До Минифеста (где были показаны фильмы «По уши в песке», «Панацея», «Арбитры изящного») я просто делал небольшие премьеры, куда в основном приходили молодые актёры, а потом рассылал фильмы по фестивалям, но осенью 2012-го мы с Ильей Шидловским (автором и режиссёром «Панацеи» и «Арбитров») узнали, какая яркая премьера была у короткометражки «F5» в «Авроре» – а у неё был объективно гораздо менее интересный трейлер, чем у каждого нашего нового фильма, поэтому мы решили, что на три крутых трейлера точно сможем собрать полный большой зал кинотеатра «Аврора» или Дома кино.
К концу весны мы скопили деньги на аренду зала в «Авроре», там встретили очень странное отношение к нам, пошли в Дом кино и быстро договорились на Большой зал. За 10 дней до премьеры я встретился с пиарщиком ПРОвзгляда Павлом Гуровым, который за небольшие деньги рассказал мне о способах продвижения кинопоказов. С этой встречи я и актер Семен Шигин вышли с горящими глазами, а на следующие 10 дней я превратился в настоящего SMM-щика с потными ладошками и блуждающим взглядом!
Следуя довольно простым советам Павла, мы использовали в основном бесплатные способы продвижения в соцсетях, потратили несколько тысяч рублей на печать афиши и несколько сотен рублей на репосты в известных больших группах ВКонтакте, а получили такую лавину перепостов, что ролики стали казаться вирусными, хотя до самой премьеры я всё равно сомневался, что зал наполнится!
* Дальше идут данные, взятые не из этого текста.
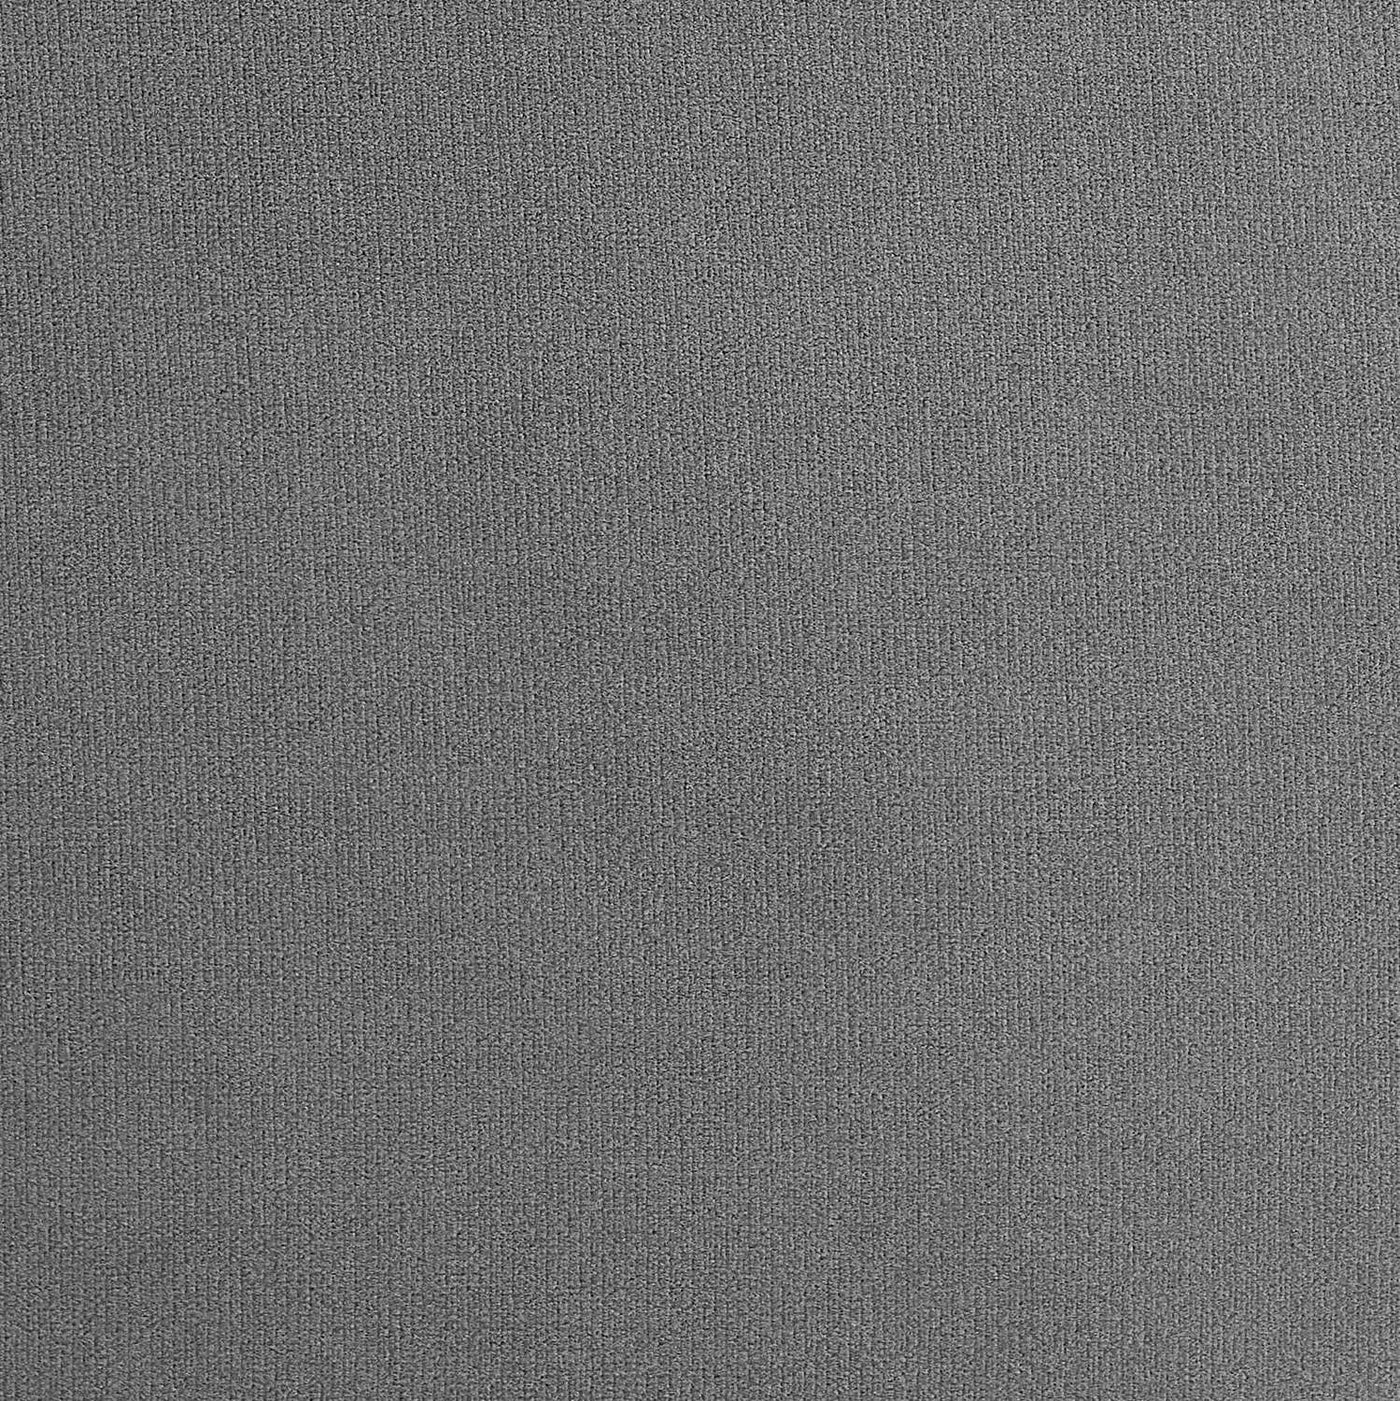 Nori 3-Piece Twin Bed - Grey

В итоге на премьере был такой переаншлаг, что впоследствии он изменил отношение всех знакомых и к нам с Ильёй. Наши фильмы впервые дошли до зрителя. Всё ещё тот вечер в Доме кино и аплодисменты зала после завершения последнего фильма кажутся мне самым счастливым моментом в моей жизни.
Оказалось, что, по сути, вымышленная известность, условно измеряемая в лайках и репостах в интернете, всегда превращается в осязаемую известность в жизни в виде большого количества незнакомых людей, желающий посмотреть твой фильм. В итоге распиаренные фильмы Минифеста гораздо лучше стали проходить на фестивали, чем это было за год до этого.
И вторая вещь, которая меня очень удивила и заставляет теперь вкладываться в пиар фильмов так же серьезно, как и в их создание – изменения отношения зрителя к просмотру во время аншлага: мы показывали актёрам и киношникам фильмы Минифеста примерно в течение года перед премьерой, и ни разу никто из этой творческой интеллигенции не замечал множество шуток в «По уши в песке». На большом же экране, в тесноте, а многие стоя – с ощущением присутствия на действительно «популярном» событии, – зрители начинают гораздо внимательнее смотреть фильмы, замечают весь непрямой юмор и открыто и эмоционально реагируют на эпизоды: смеются и даже кричат.
Поэтому пиар, все эти надоедливые посты каждый день перед премьерой «Огня по штабам» – всё это нужно не столько для увеличения количества просмотров, сколько для улучшения их качества – чтобы зритель стал как можно ближе к моему «идеальному зрителю», не пропускающему мимо ни одной детали фильма. Потому что только с ним наши коротыши превращаются в настоящее кино, оказываясь в коллективной памяти посмотревших.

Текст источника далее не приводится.